Charles Atwater (January 2, 1815 – December 6, 1891) was an American Senator from Connecticut, graduated from Yale College. His son-in-law, Mathias Denman, became a cofounder of Cincinnati, Ohio. He was also a candidate for the office of Governor of Connecticut under the Democrats.

==Personal life==

Atwater, second son of Charles and Lucy C. (Root) Atwater, was born in New Haven, Connecticut, on January 2, 1815. His father was President of the Iron and Steel Works, a banker, and a West India merchant. He graduated from Yale College in 1834.

After graduation, he spent a year in the Princeton Theological Seminary, but in 1835 he became a member of a firm of wholesale grocers in Philadelphia, where he married Mary, daughter of Joseph Montgomery, on Sept. 26, 1836. In 1840 he returned to New Haven, where the rest of his life was spent.
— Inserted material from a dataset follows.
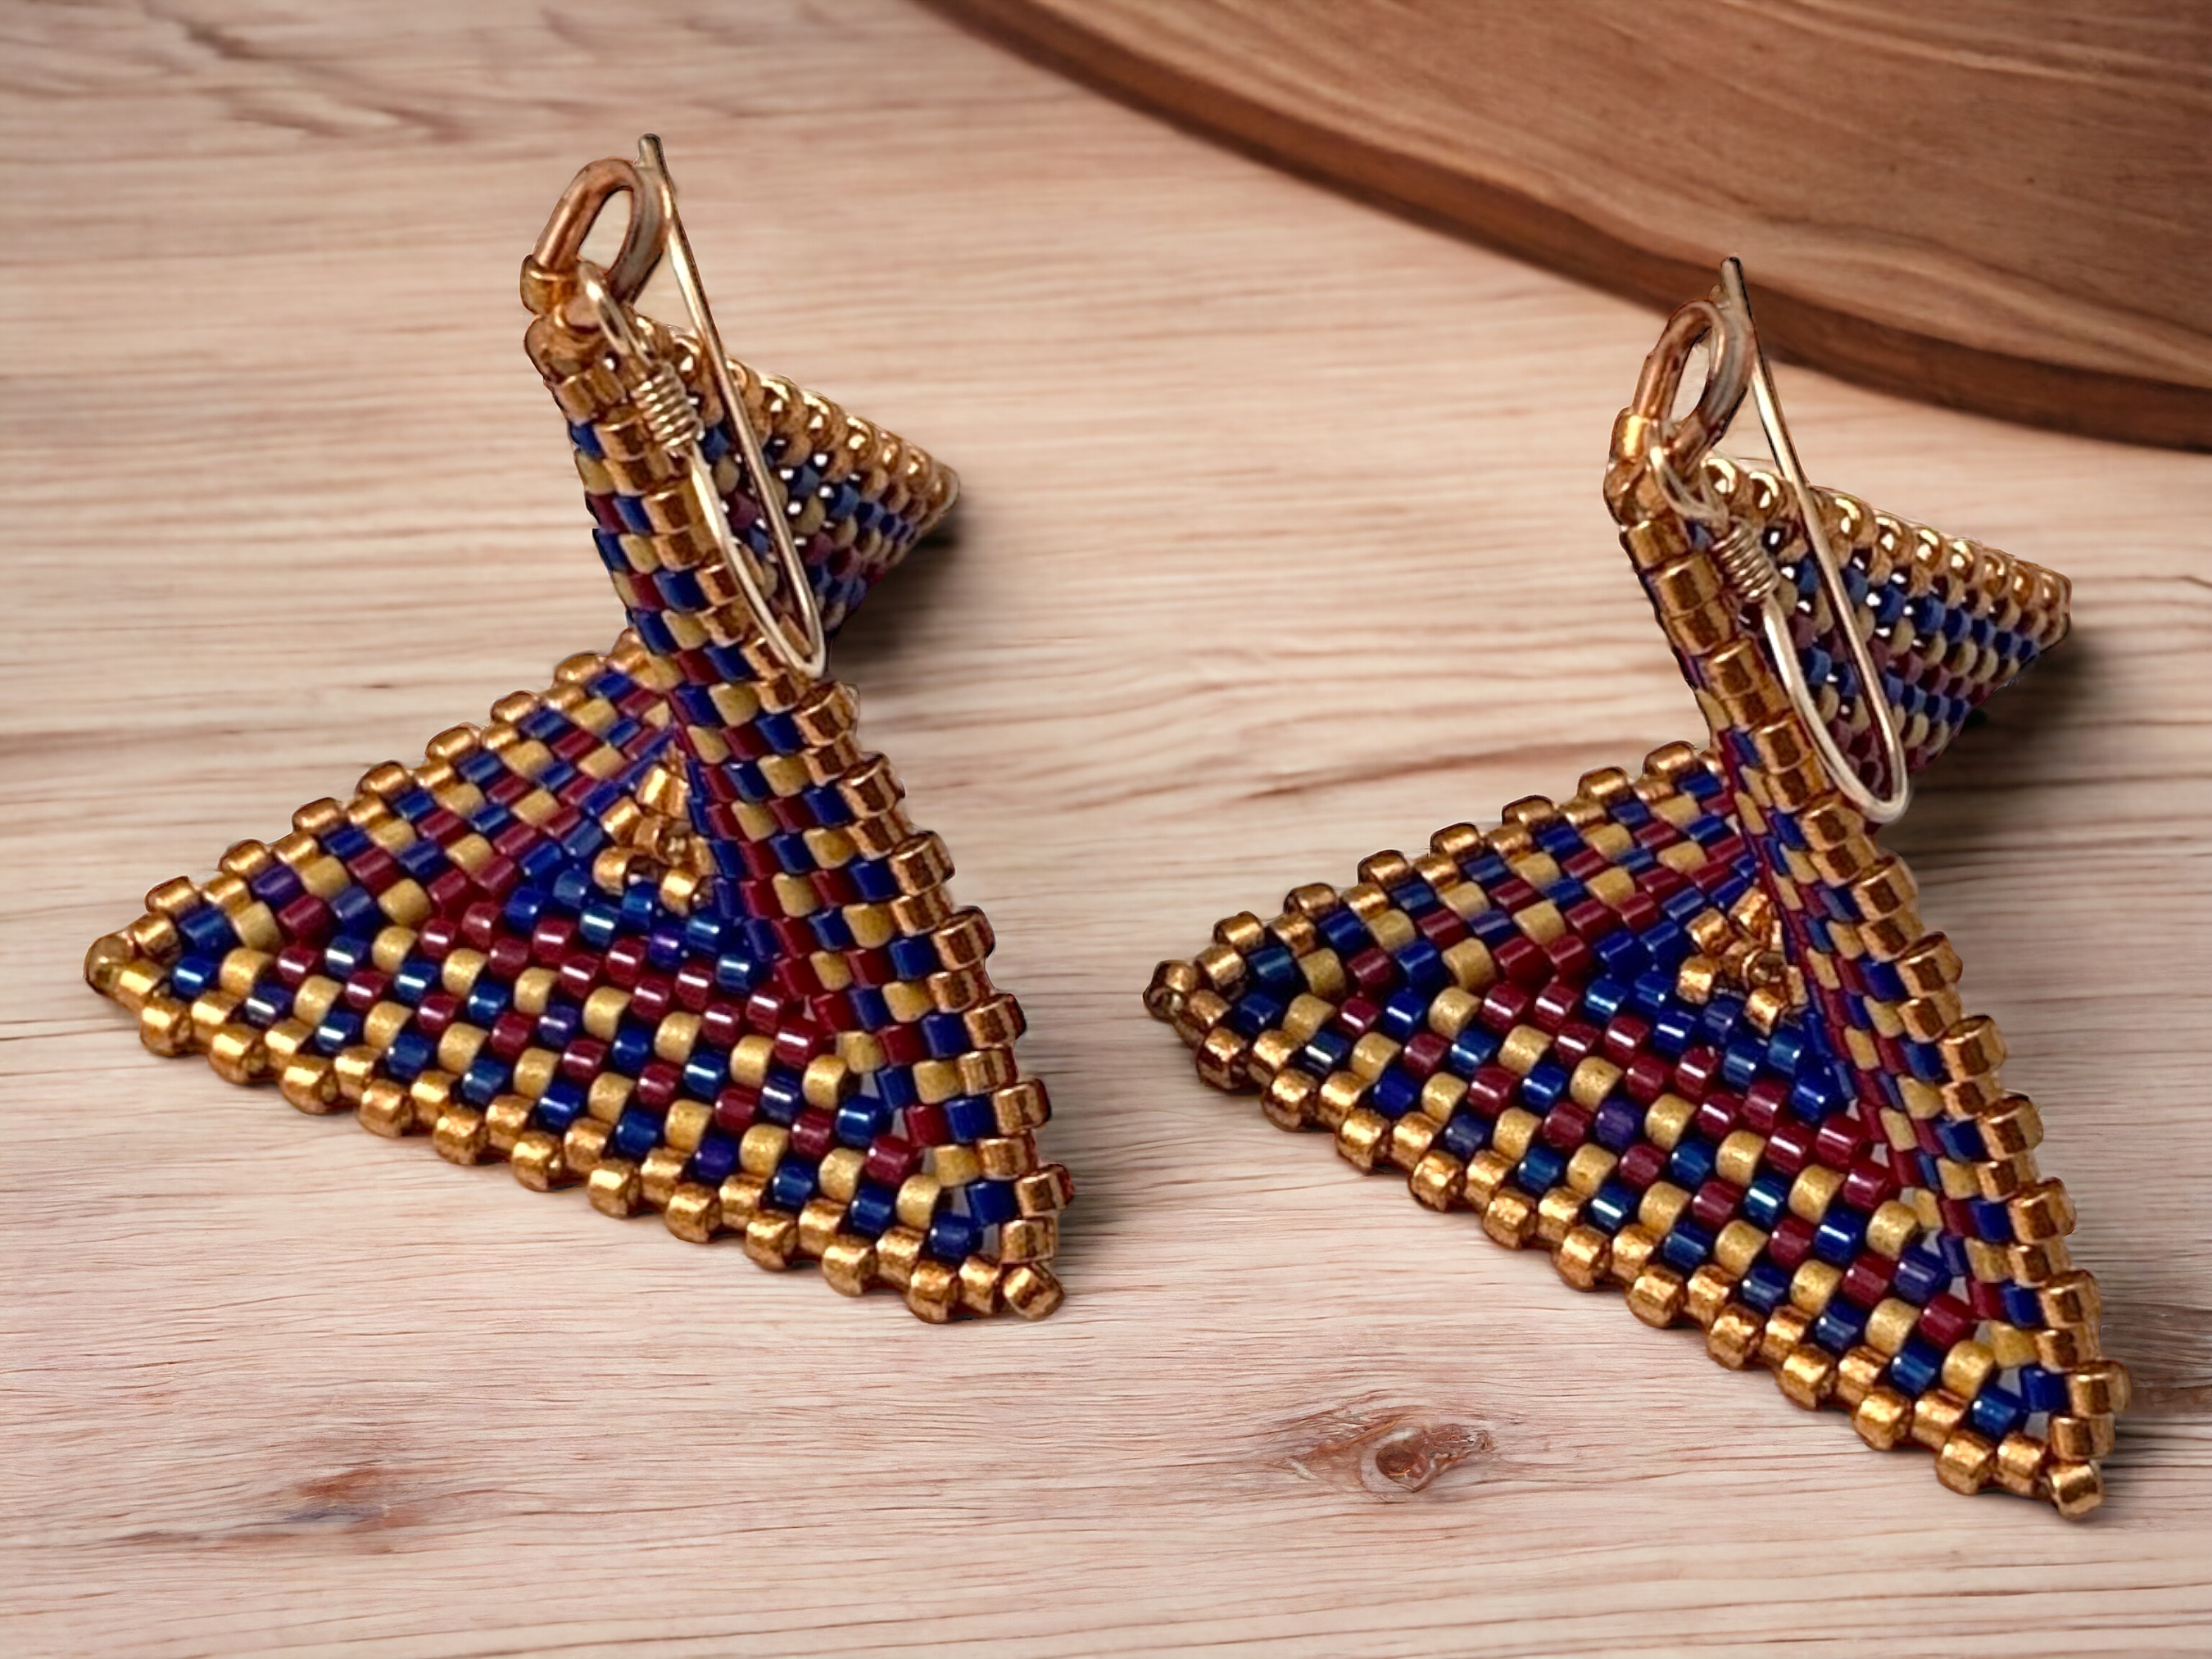 Geometric Beadwork Earrings in Spanish Tile Colors

He was for many years extensively engaged in the wholesale iron and hardware business, and was prominent in many public interests in New Haven. In 1861 he was a representative in the Connecticut Legislature, and in 1862 a member of the Connecticut Senate. His interest in the Birmingham Iron and Steel Works led him to be an active promoter of the New Haven and Derby Railroad, of which he was long the Treasurer.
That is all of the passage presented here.